Monday, October 08, 2007

I hope Timmy Eats Them

Nice try, Visa. I’m onto you.

A few months back, I took your rival, Citi, to task on your egregious logic drain in your
commercial by which a couple of wayward Swedes had to check a book of Norwegian genealogy to find out they were in fact, Swedish. I know that you’re behind the marketing 8-ball, considering MasterCard will long be remembered as THE ad campaign to end all credit card ad campaigns. As second fiddle, just trying to keep up, okay?

Now prior to MasterCard’s “Priceless” commercials took over, Visa’s “For everything else, there’s Visa” was considered the toast of the Madison Avenue credit division. They had people traveling the world, comfortable that they could always count on their little blue card to get them out of a financial jam. And since Visa’s omnipresence (more so than American Express and MC) remains true, there’s no reason to move from this campaign.


Life Takes Visa?


Ok, that’s decent enough. However, if you’re going to take your production values up a notch, let’s make sure you avoid the logic errors that botched Citi’s tour of Scandinavia.


I give you the Visa
Cinema Card spot.

From a conceptual standpoint, it’s damn clever. Getting into a movie in time to see the previews is an oft-admired goal; however, the slowness of lines and idiocy of theatre workers often prevent you from achieving it. Therefore, the premise that paying with cash takes too much damn time, and a Visa card could prevent such a slowdown is clever. Throw in an action-adventure theme and original score, and you’re commercial should be a home run.


Should be…


There are two things I choose to highlight. One of them will be humorous. The other will be damning.


1 – The Humorous – As our heroic couple looks up to the clock shortly after purchasing their tickets, we get notice one of the names of the film this Futuristic Movieplex (FUTUREPLEX) is currently offering. I’m not saying that it’s their film of choice, but I give you – TIMMY THE GRIZZLY. Now, I’ve never had to name a grizzly bear in my current line of work, but I have to think “Timmy” isn’t on the top of my list. Are you afraid of a grizzly named Timmy? What, are you afraid he may do a little dance and make you a sandwich?

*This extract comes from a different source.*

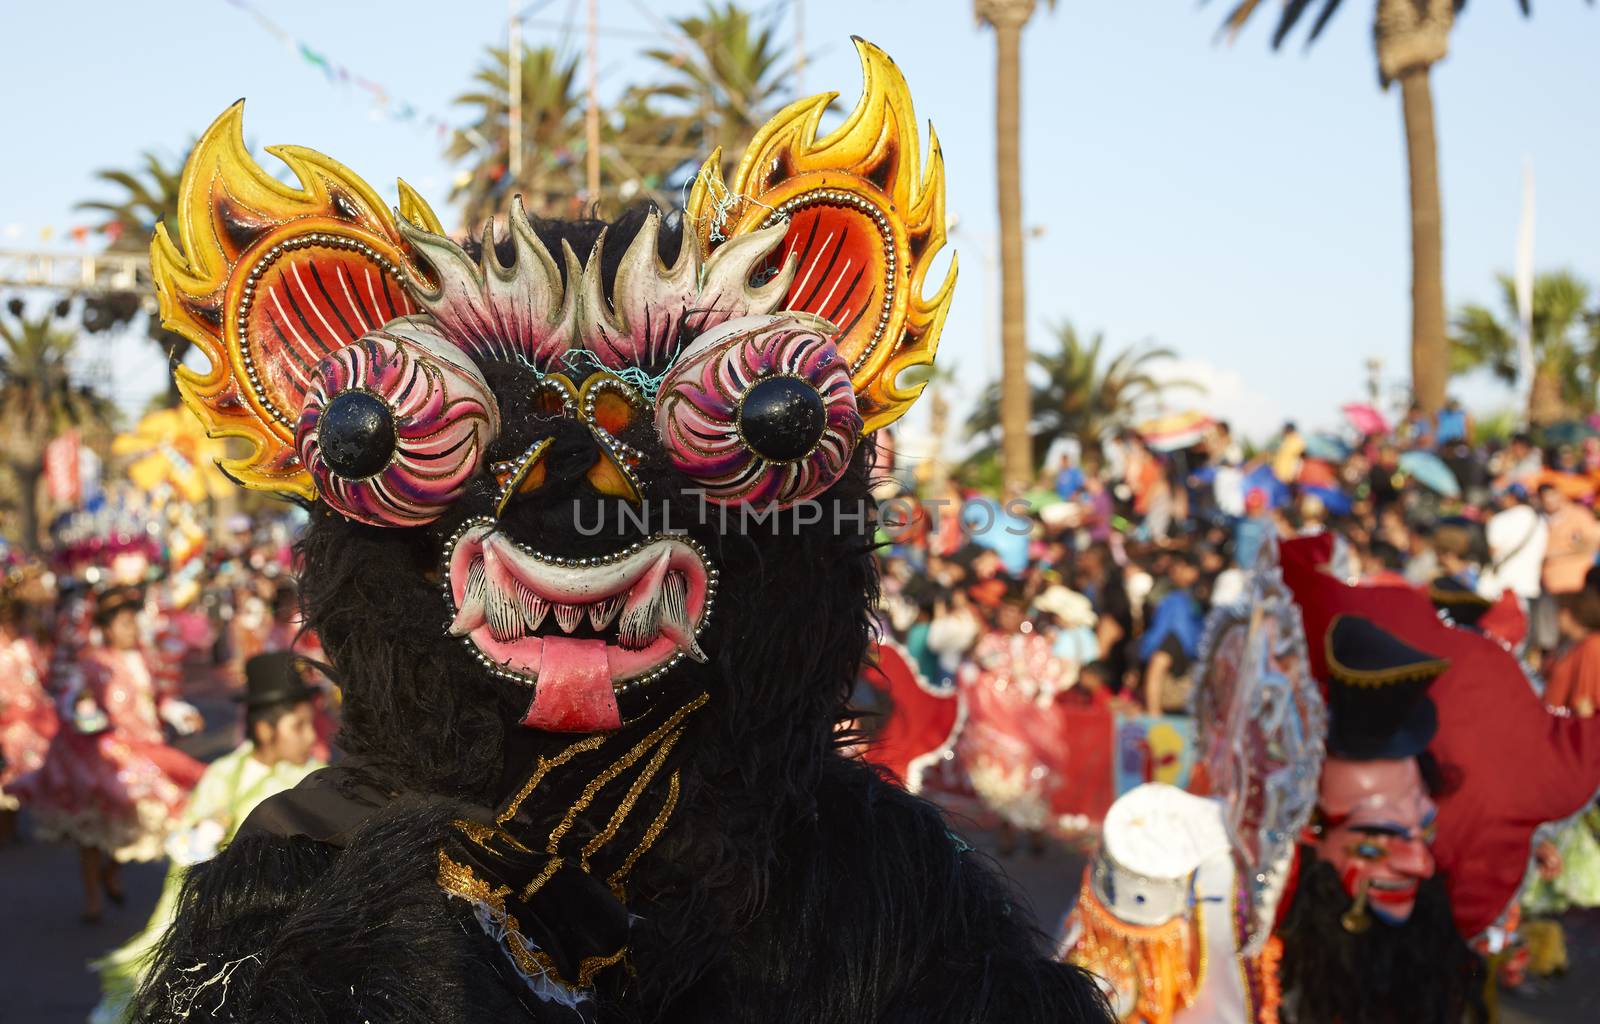 ARICA, CHILE - JANUARY 23, 2016: Morenada dance group in traditional Andean costume performing at the annual Carnaval Andino con la Fuerza del Sol in Arica, Chile.

2 – The Damning – There’s one minute to go once our esteemed couple buys their tickets. However, since Mr. Cheapskate must have not taken his ladyfriend to dinner, they are destined to hit up the refreshment stand. Where must they go? Of course. UPSTAIRS. The Futureplex has 38 screens, multiple floors, and somehow, the only place to buy some Twizzlers is up a flight of stairs. I find this hard to believe. But hey, maybe there were budget cutbacks since the theatre builders spent half the budget on a life-size bronze bust of Timmy the Grizzly in the lobby.


HOWEVER…


I would like you to check out the background of the shot at two the shot at 24 seconds. As Captain Popcorn (who I might add, ends up with different food between leaving the concession stand and the balcony) swings from the rafters with snacks and girlfriend in hand, he lands on the ground. And for a split second, when the camera remains wide, there APPEARS TO BE A CONCESSION STAND ON THE FIRST FLOOR. Now, the evidence may be inconclusive, but I believe in the back right of the shot would be a perfect place to have purchased some snacks.


But hey, adventure’s fun, too.

1 comment:

Anonymous said...

Actually, in New York, most movie theaters only have concessions up or down a flight of stairs, depending on whether most of the screens are on higher floors or in the building's basement. It's pretty annoying, but you usually have to manage at least two long escalators before reaching the theater where your movie's playing.